**EXERCISE OBJECTIVE**: Please transcribe the data below exactly. Leave the pictures out.

**DATA BELOW**:
···
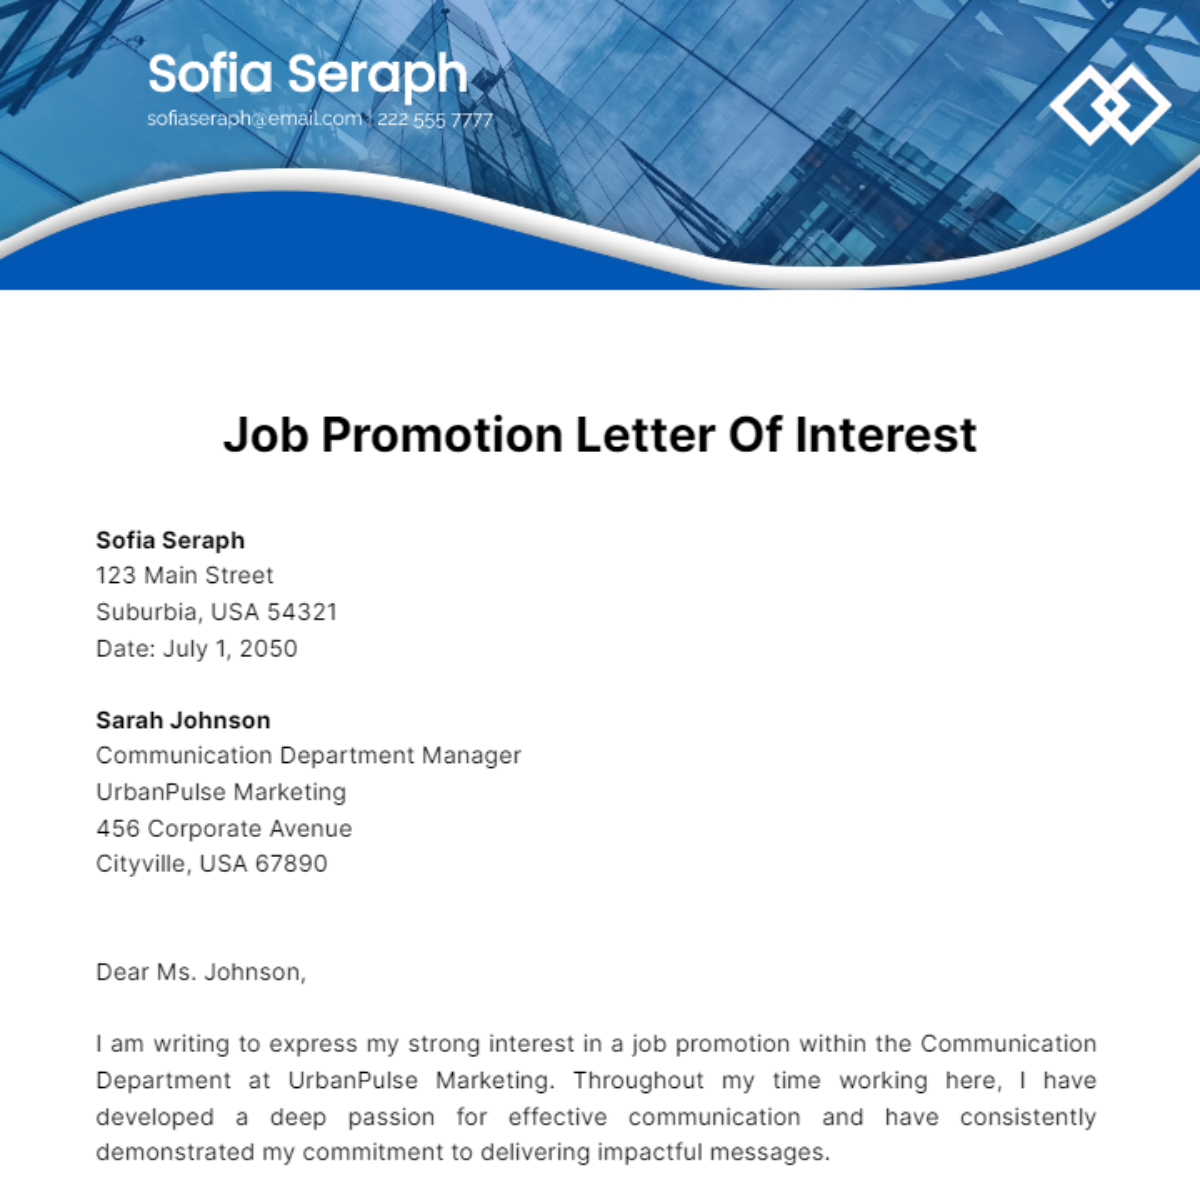 Job Promotion Letter Of Interest Template
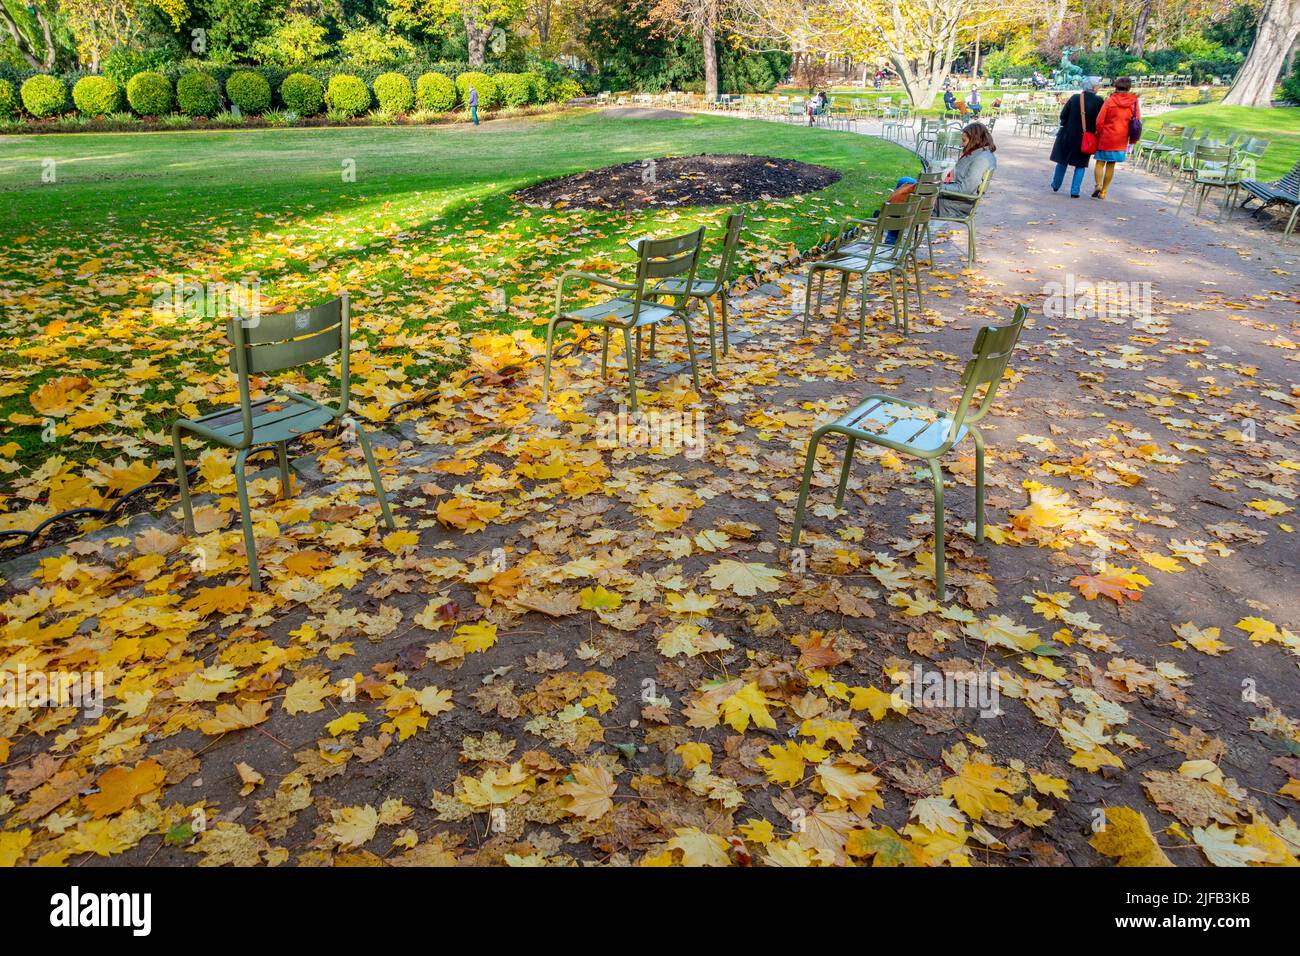 France, Paris, Luxembourg garden in autumn Stock Photo
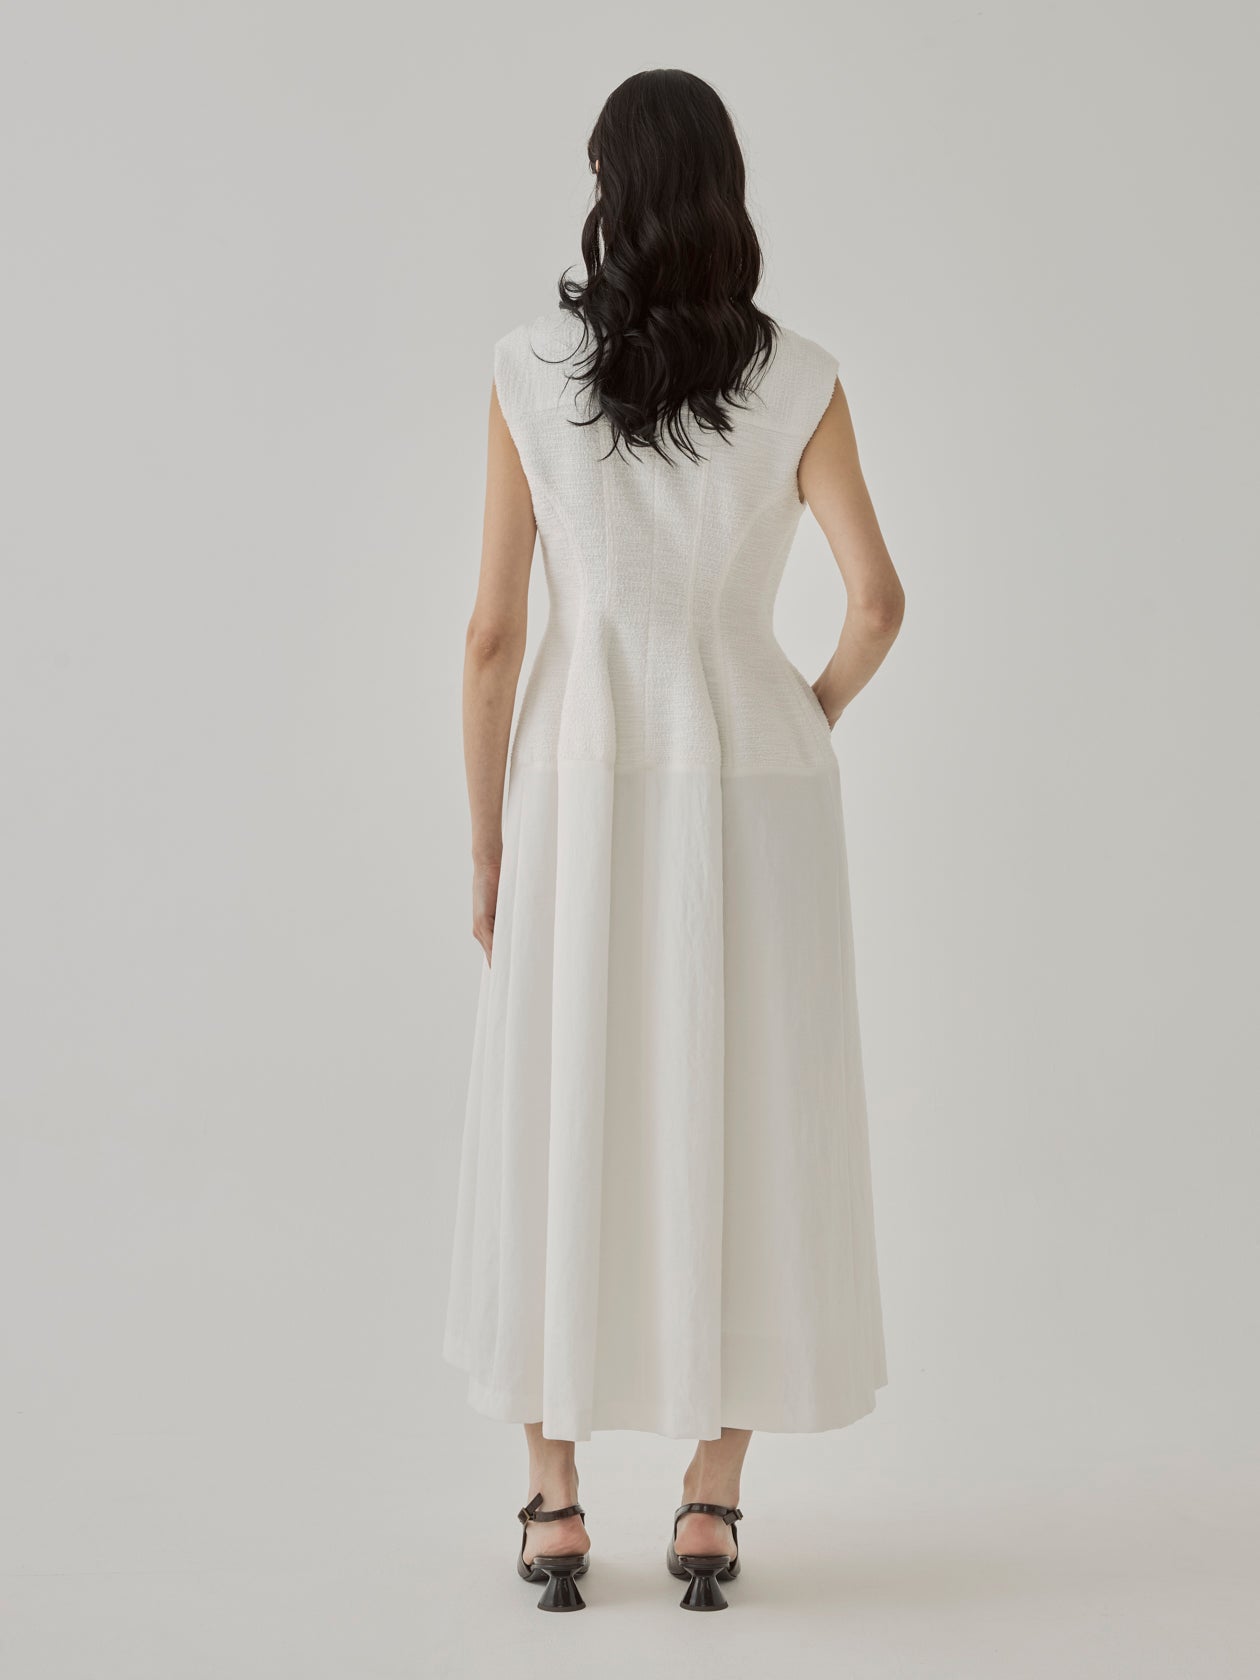 Ilsa sleeveless dress BK | AKIRANAKA ONLINESTORE
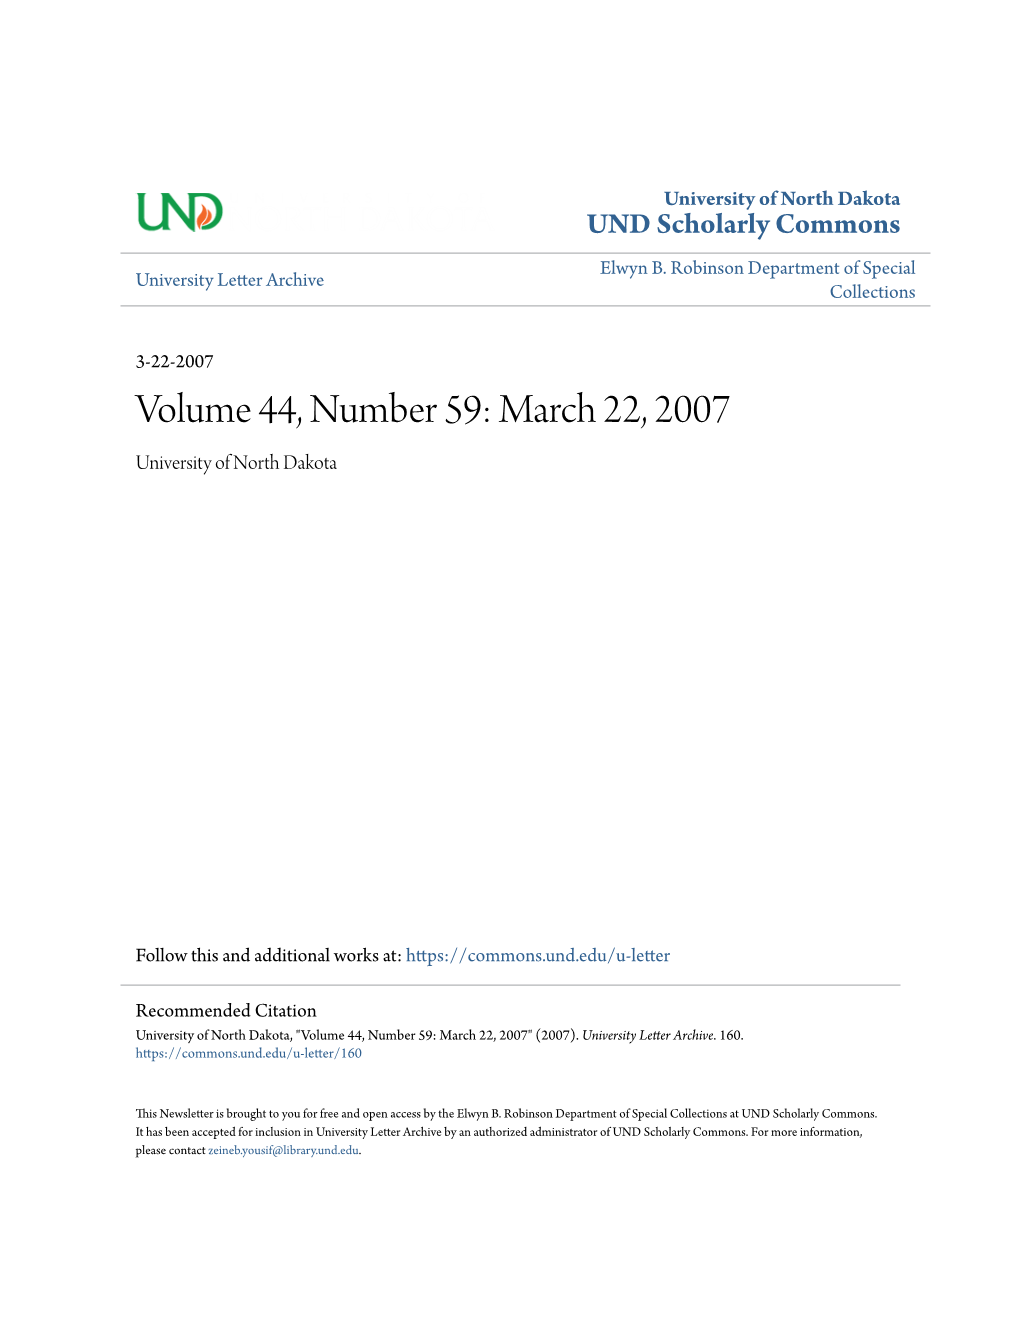 Volume 44, Number 59: March 22, 2007 University of North Dakota
···
**RESPONSE TO THIS TASK**:
 Job Promotion Letter Of Interest Template
 France, Paris, Luxembourg garden in autumn Stock Photo
 Ilsa sleeveless dress BK | AKIRANAKA ONLINESTORE
 Volume 44, Number 59: March 22, 2007 University of North Dakota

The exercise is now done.